* Source data:
*** Begin section ***

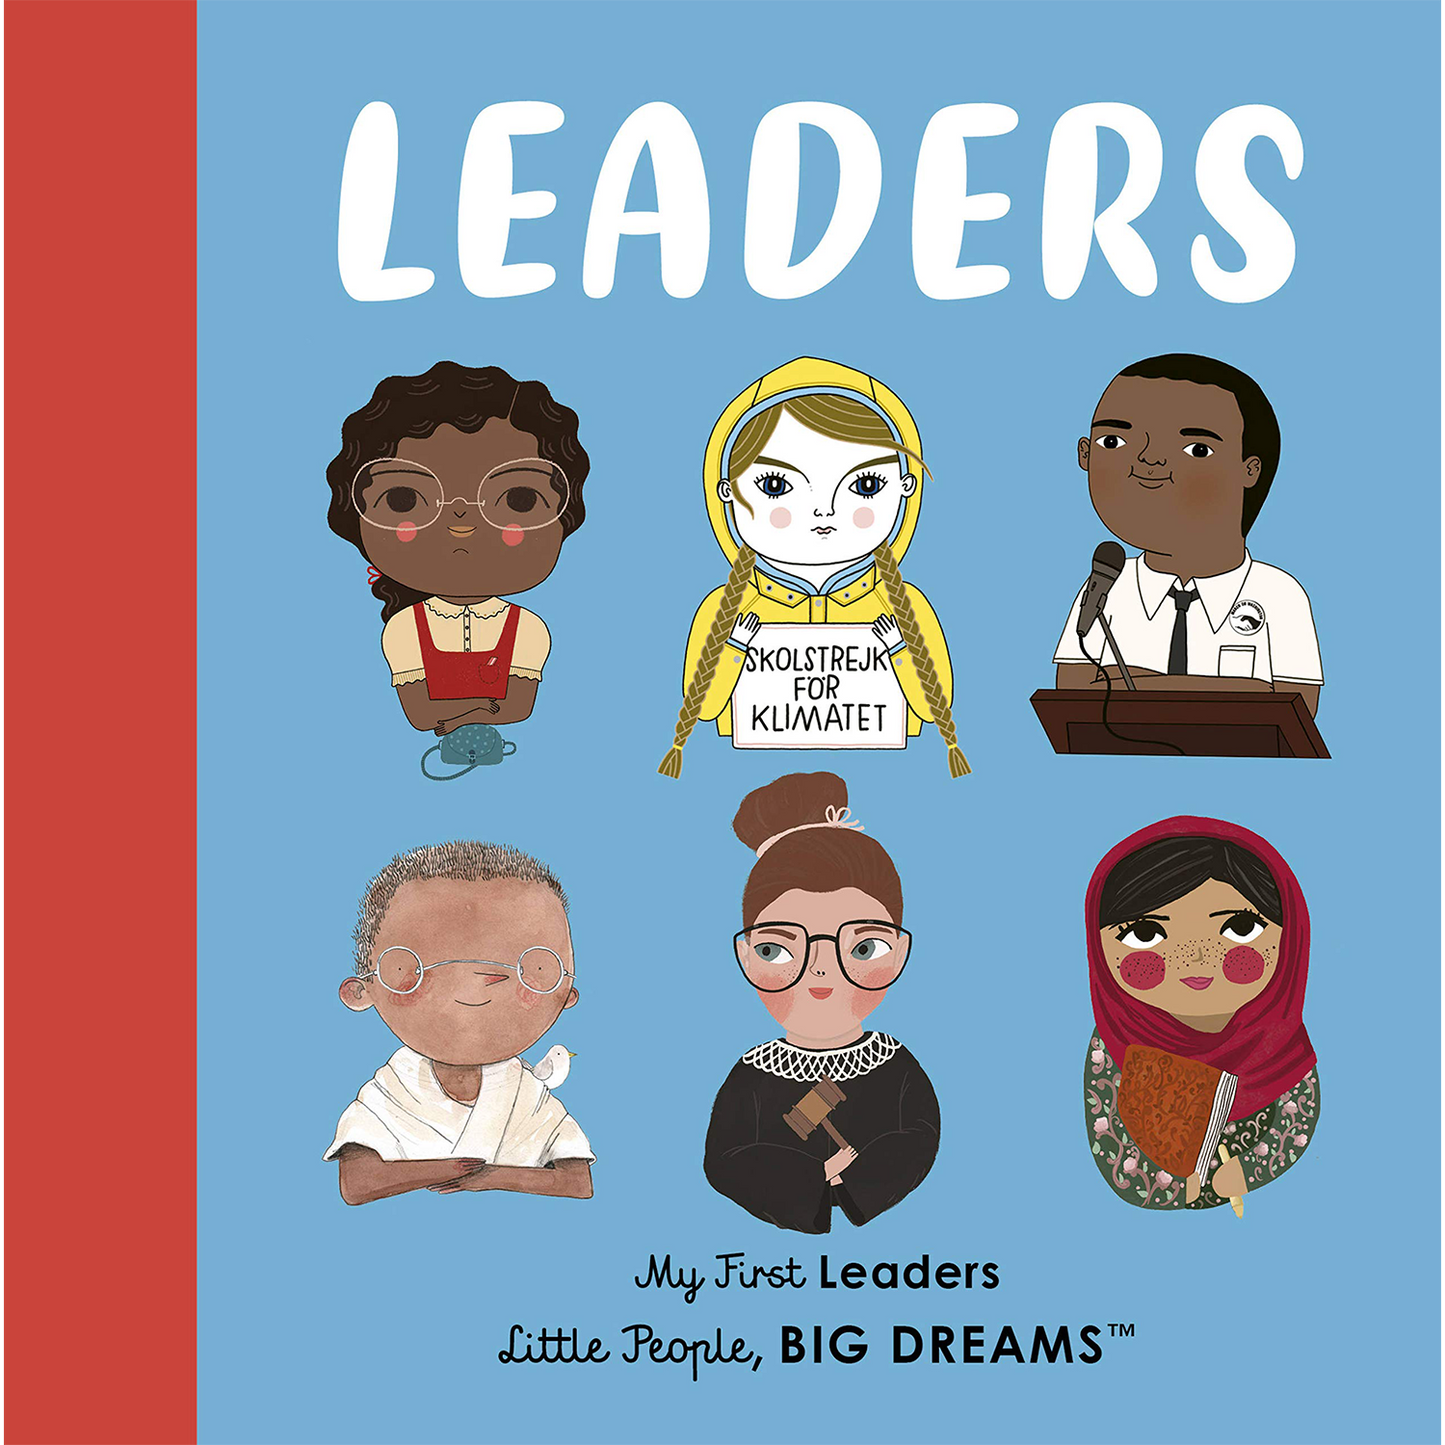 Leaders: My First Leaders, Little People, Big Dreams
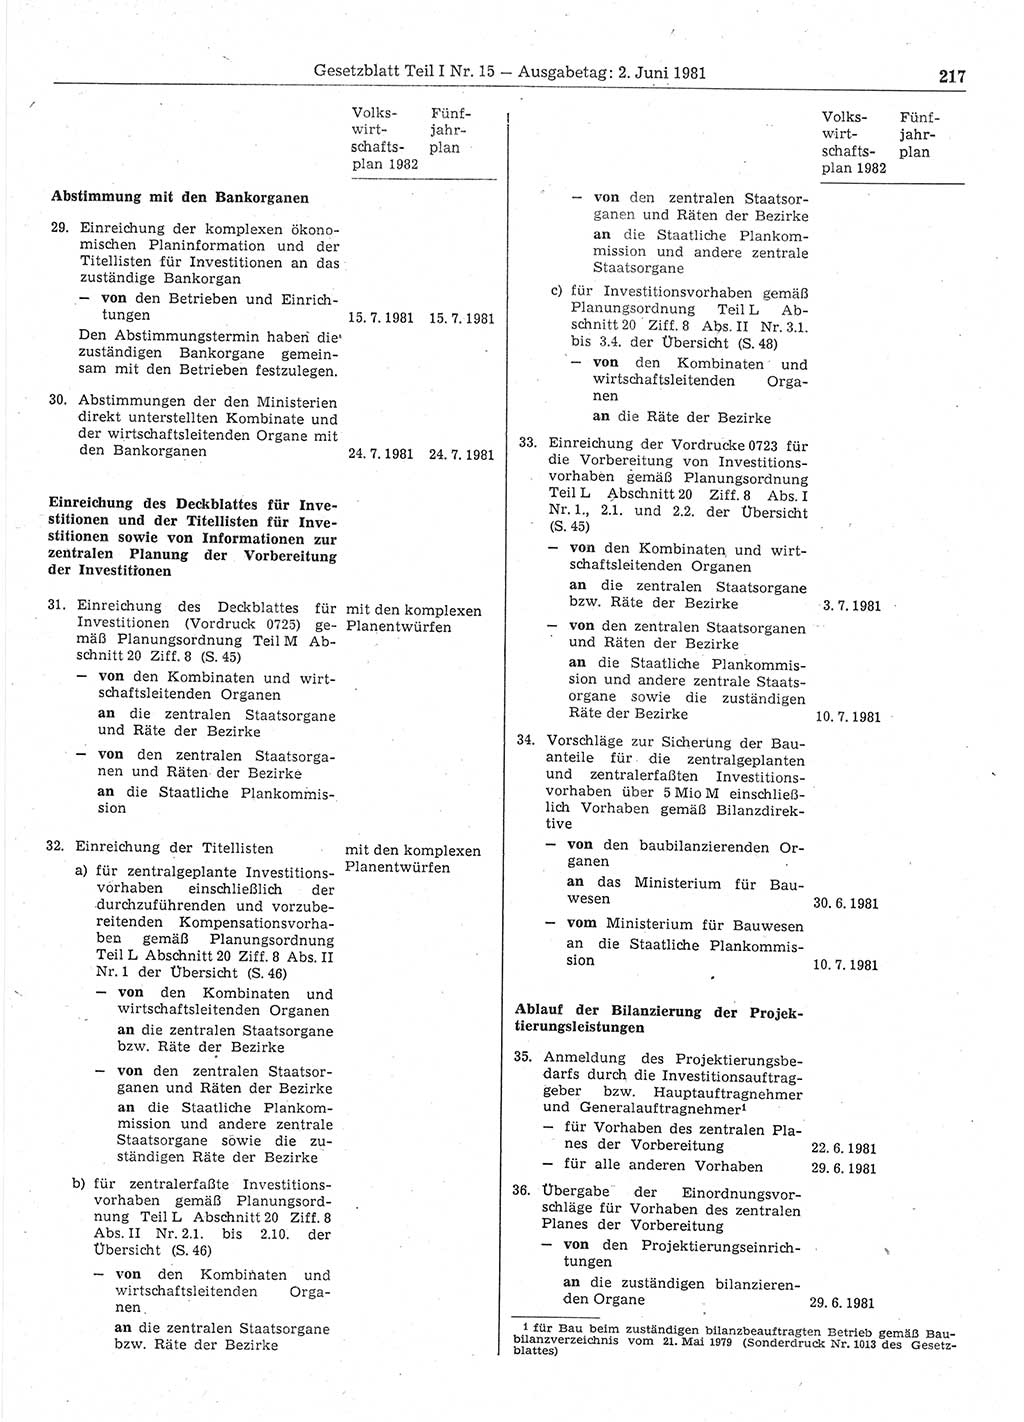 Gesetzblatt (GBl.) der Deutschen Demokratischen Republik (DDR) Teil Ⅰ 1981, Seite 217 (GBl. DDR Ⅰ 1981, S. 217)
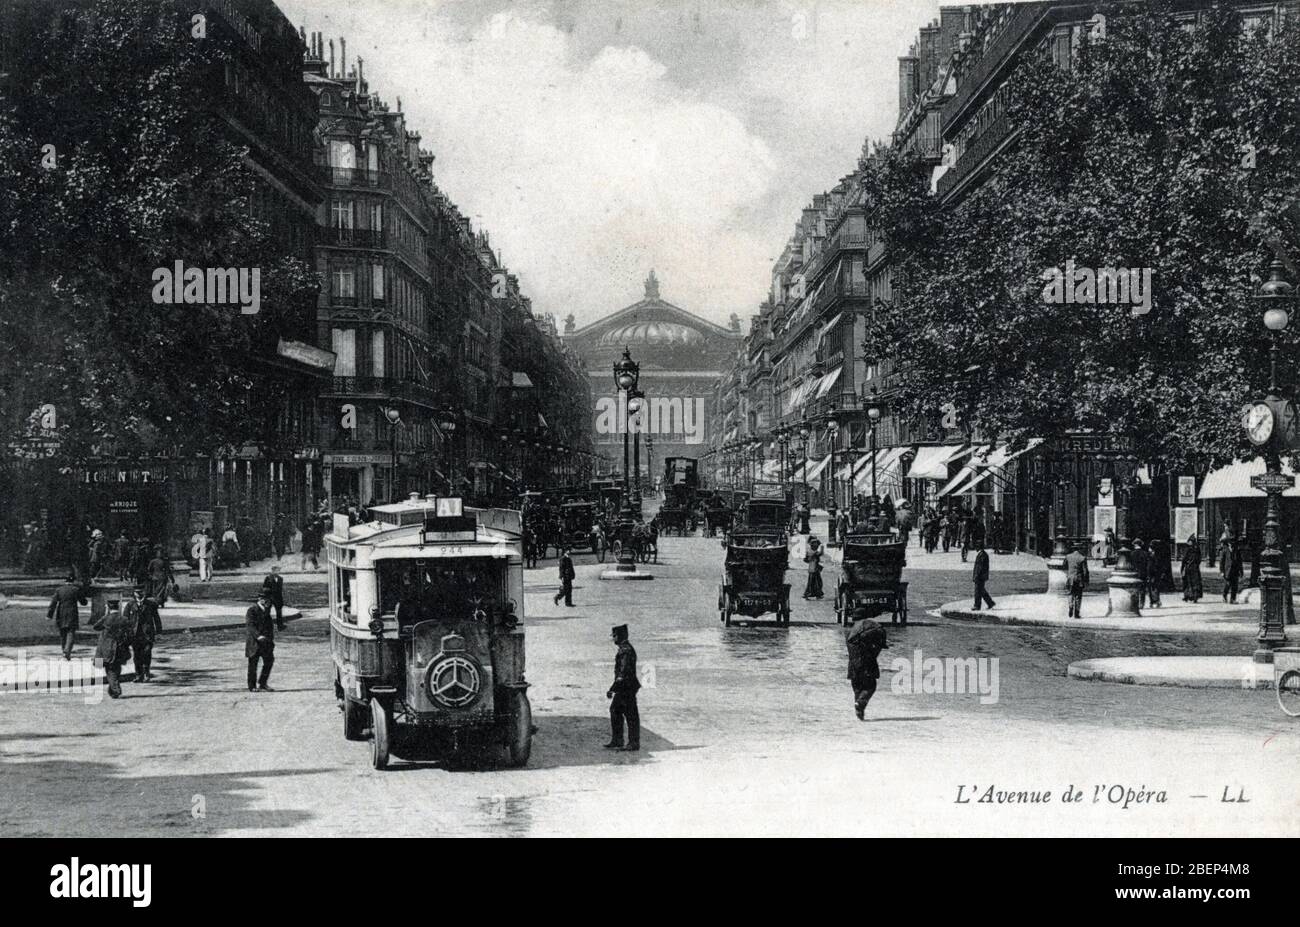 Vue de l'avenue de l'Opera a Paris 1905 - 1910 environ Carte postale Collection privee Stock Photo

*** End section ***

Leave out the pictures, and write out exactly the lines from the one containing "Gesetzblatt (GBl.) der" through the last line of the listing, both included.

 Gesetzblatt (GBl.) der Deutschen Demokratischen Republik (DDR) Teil Ⅰ 1981, Seite 217 (GBl. DDR Ⅰ 1981, S. 217)
 Vue de l'avenue de l'Opera a Paris 1905 - 1910 environ Carte postale Collection privee Stock Photo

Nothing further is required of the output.